Is there something I can do to help him? We exercise and train him a lot and have a good daily routine to minimize change in his life. He might not have ever lived much in a house before, although he's perfectly potty trained. Do you think he needs more time to adjust, or is there a way we can help to calm him?


----------



## Stosh (Jun 26, 2010)

I'm certainly no expert but it sounds as though he's a little stressed. I would think that will improve with time. Maybe give him one of those toys that releases food as he plays with it to keep his mind busy.


----------



## sagelfn (Aug 13, 2009)

angierose said:


> The part I don't know what to do about is his general behavior in the house. It is almost as if he doesn't know how to relax. He pants a lot, for no apparent reason.
> If you think he is panting from stress/anxiety have you tried any herbal remedies or maybe the thundershirt. He may need more time to adjust.
> 
> He whines and whimpers.
> ...


Does he have a crate? His own space to be alone when he needs to relax? 

My GSD is 2. I have had him since he was a baby. Until recently he could not settle down in the house no matter how much mental stimulation and exercise he got (no off switch). If we spent all day at the beach he could come home and sleep for an hour and then be ready to repeat the day as soon as he woke up. He is a dog that needs to be doing something almost constantly.


----------



## angierose (Apr 20, 2009)

Stosh, the poor beast has only just figured out how to work the kibble toys. He does seem to enjoy it though, I'll make sure he gets that or a bone on a more regular basis. 

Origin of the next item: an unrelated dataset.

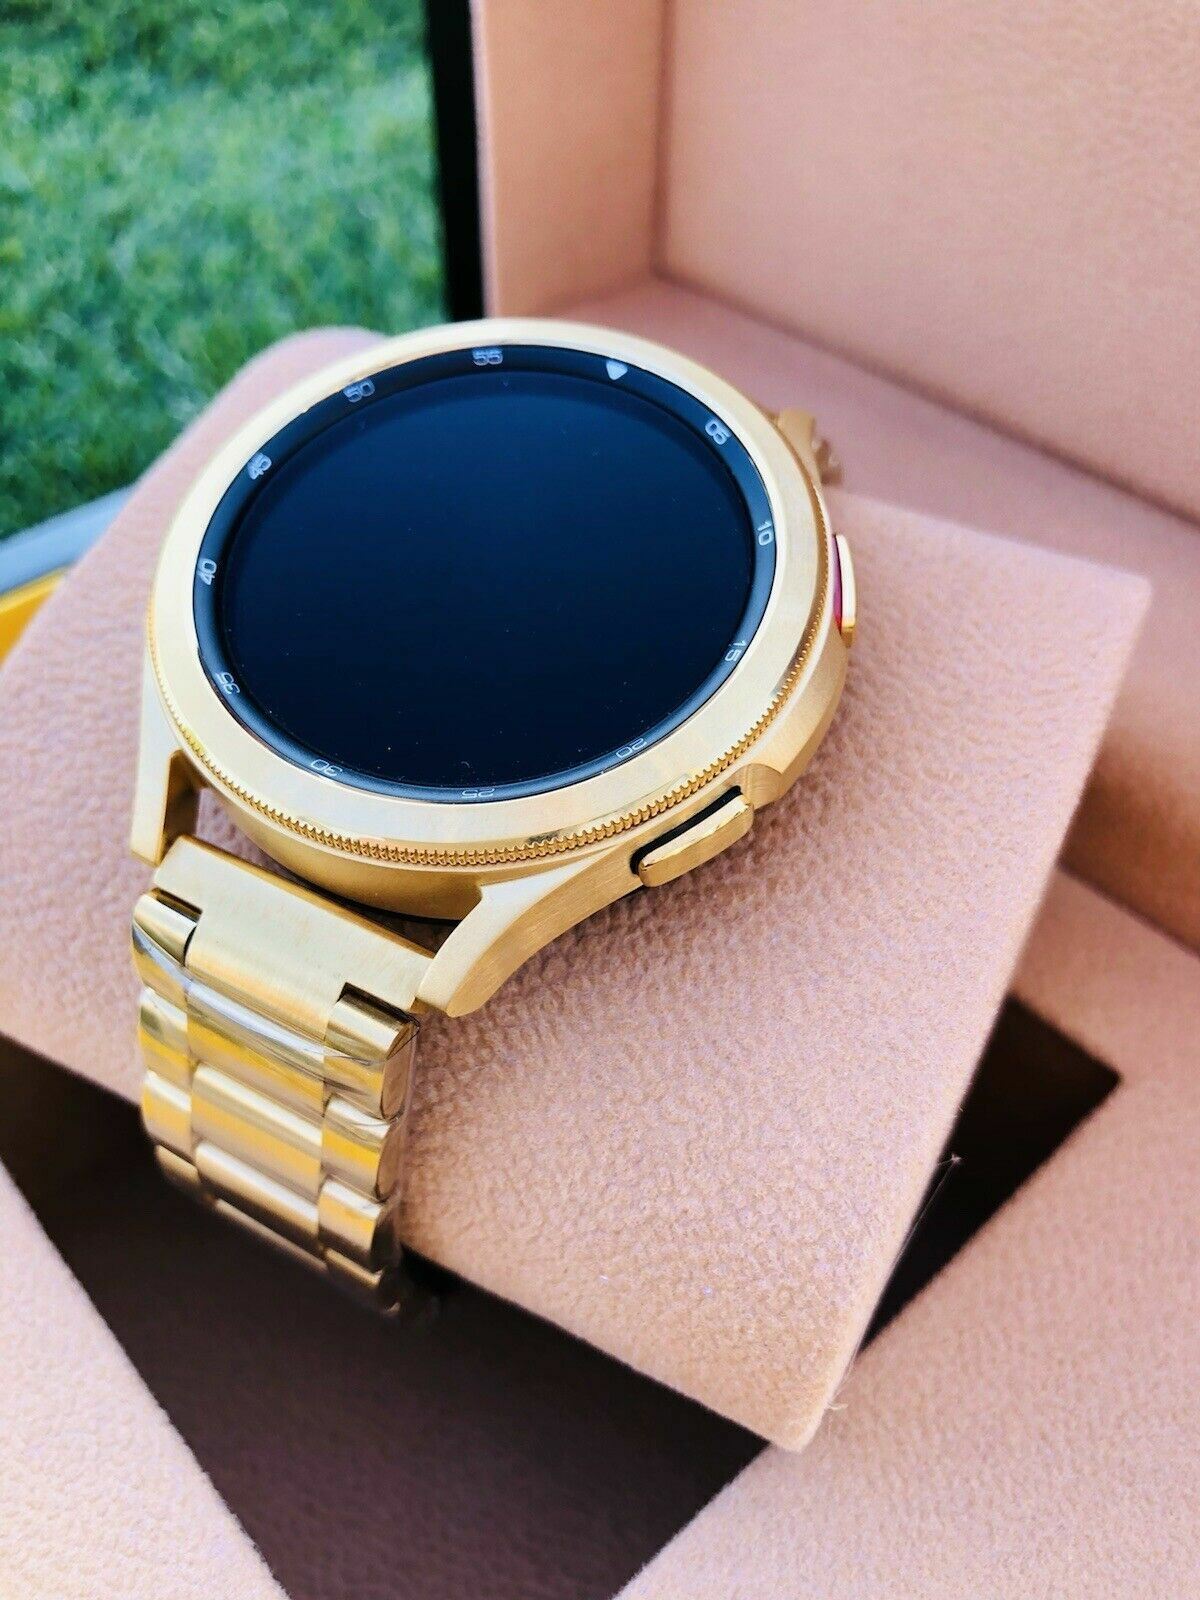 Custom 24k Gold Plated 42mm Samsung Galaxy Watch 4 POLISHED Gold Bezel Gray Band - image 3 of 11
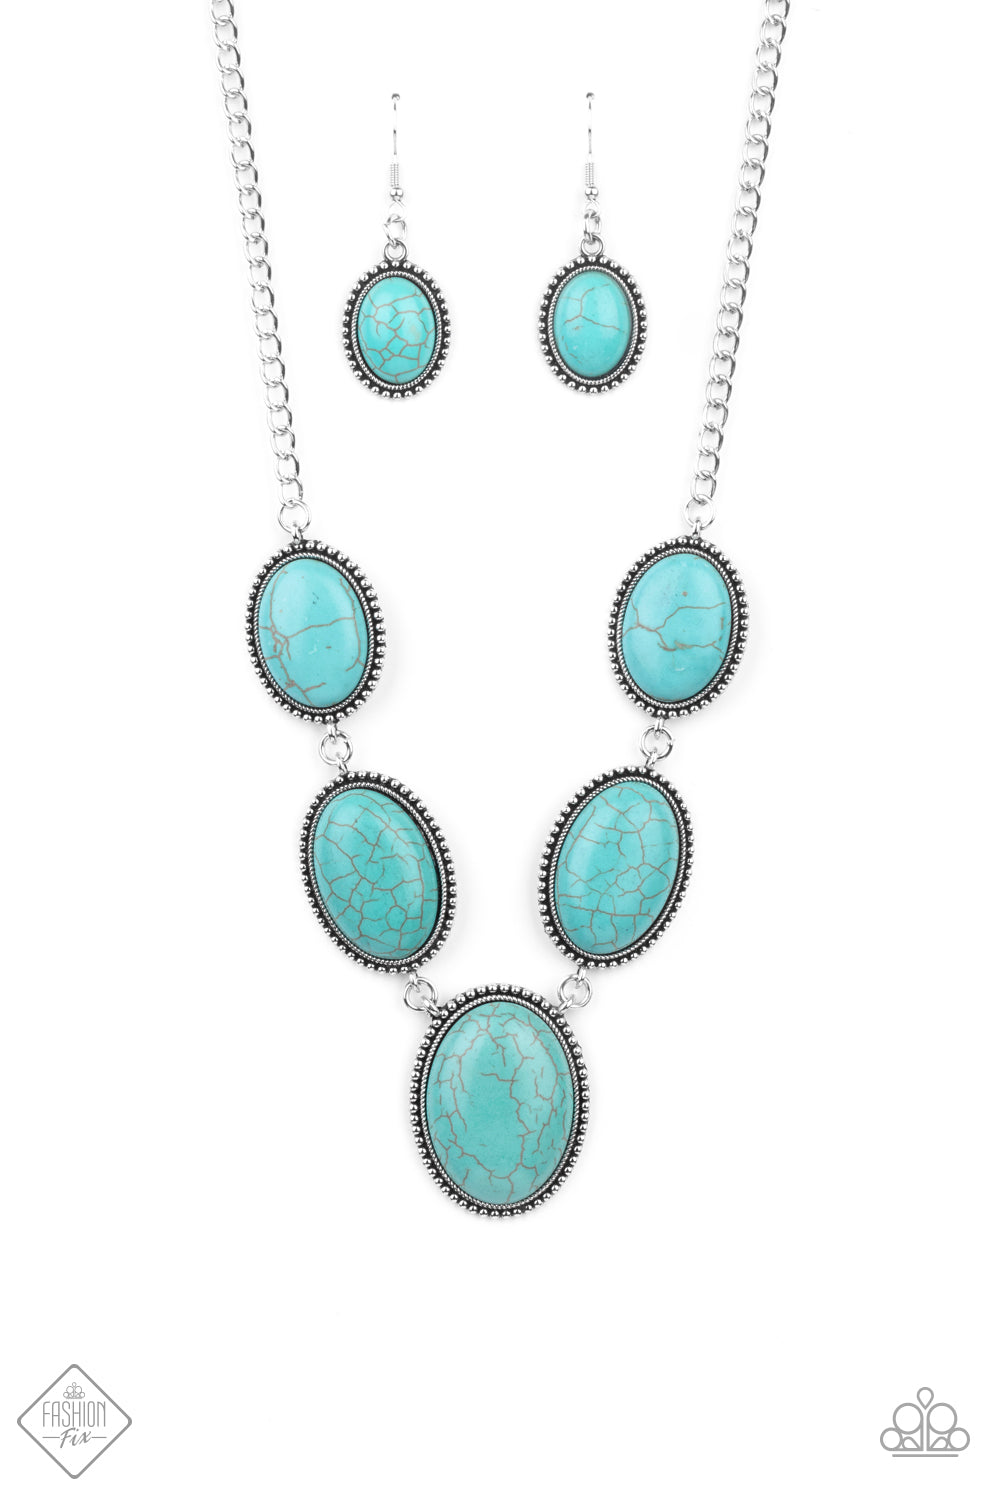 Paparazzi River Valley Radiance Blue Stone Short Necklace - Fashion Fix Sunset Sightings December 2020

Sagefln, he does have a crate which he goes to happily enough when we're around. I give him a break there around lunchtime, and I don't let our other dog get in it when he's around.

We are feeding Nature's Domain Turkey and Sweet Potato from Costco. At the shelter he was on Purina One. The vet did say his skin might take some time to settle down from all he'd been through-- he was truly filthy when we got him, infested with fleas, and pretty underweight. 

Our other GSD isn't quite as vocal as he is, but certainly does make plenty of noise. I guess I can just hear a level of stress in his whining that seems unusual. He is a bit possessive. I've only just gotten him to let me pet Kaylee without him trying to push her away. They even play tug now without incidents.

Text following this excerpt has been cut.